The relative lack of noise didn’t concern me – a slight surprise, if I’m honest, but wholly explicable. The first contemporary F1 car I saw live was Hans Stuck’s Brabham BT45B, at Silverstone in 1977, and its wailing Alfa flat-12 sounded fabulous on the approach to Woodcote. It is some years, however, since the sport had a meaningful sonic tapestry. To my mind, F1’s last truly soulful engine was probably Lamborghini’s 3.5-litre V12, more than 20 years ago.

The recent V8s have been loud but indistinguishable and the same applied to the previous V10s: all scored high marks for volume rather than character.

The V6 turbo cars might be an acquired taste (for some, at least), but I found them engaging to watch because the accent is on lashings of torque rather than grip.

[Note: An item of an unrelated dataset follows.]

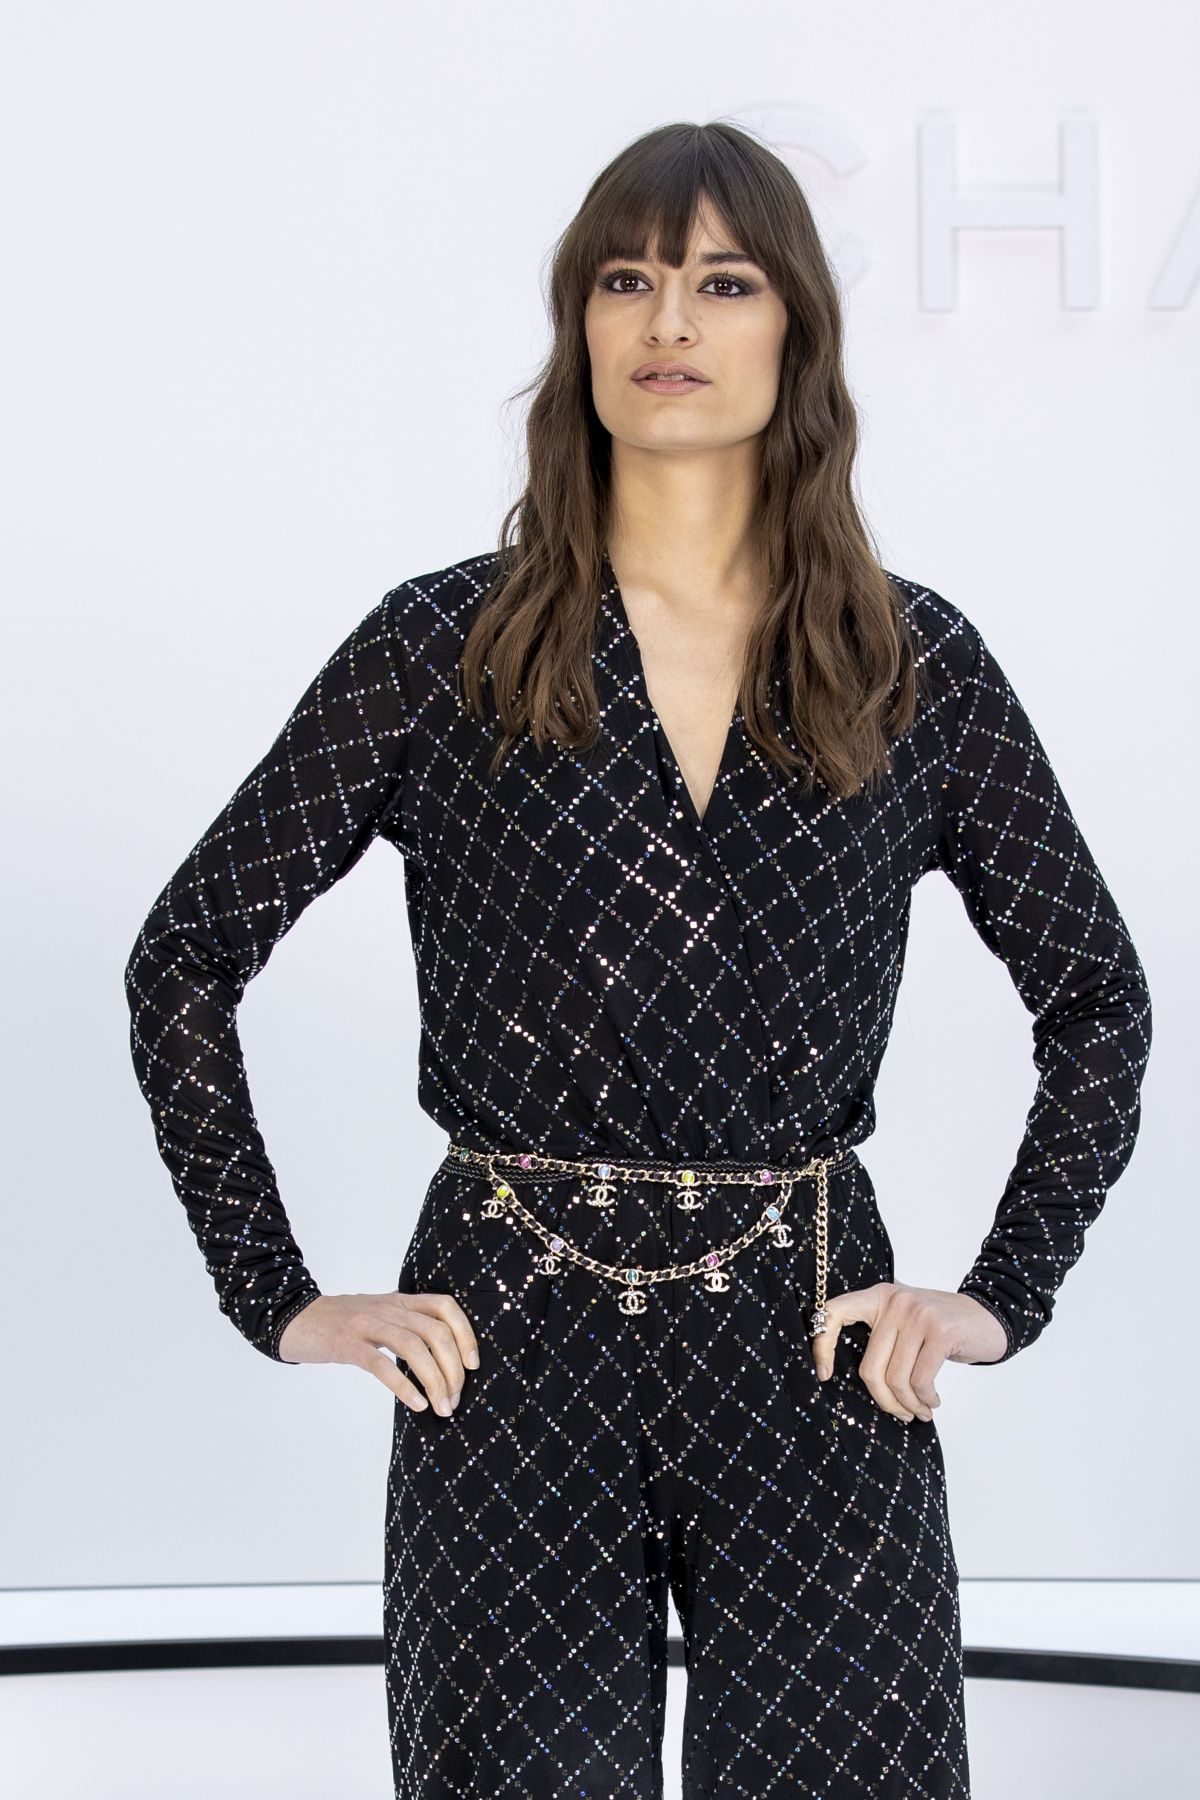 CLARA LUCIANI at Chanel Show at Paris Fashion Week 03/03/2020 – HawtCelebs

Turning back the clock (a habit, I concede), there were certain bits of music that used to make the hairs stand on the back of my teenage neck – the instrumental break in Deep Purple’s Highway Star, for instance, or that after 2min 24sec of Genesis’s Dancing with the Moonlit Knight.

A pack of passing Formula 5000 cars had exactly the same effect, but then so too did the sight of a Hawke DL15 or Royale RP24 being pitched into a corner and balanced on the throttle from entry to apex and beyond.

And they had the same engine as my dad’s Ford Cortina.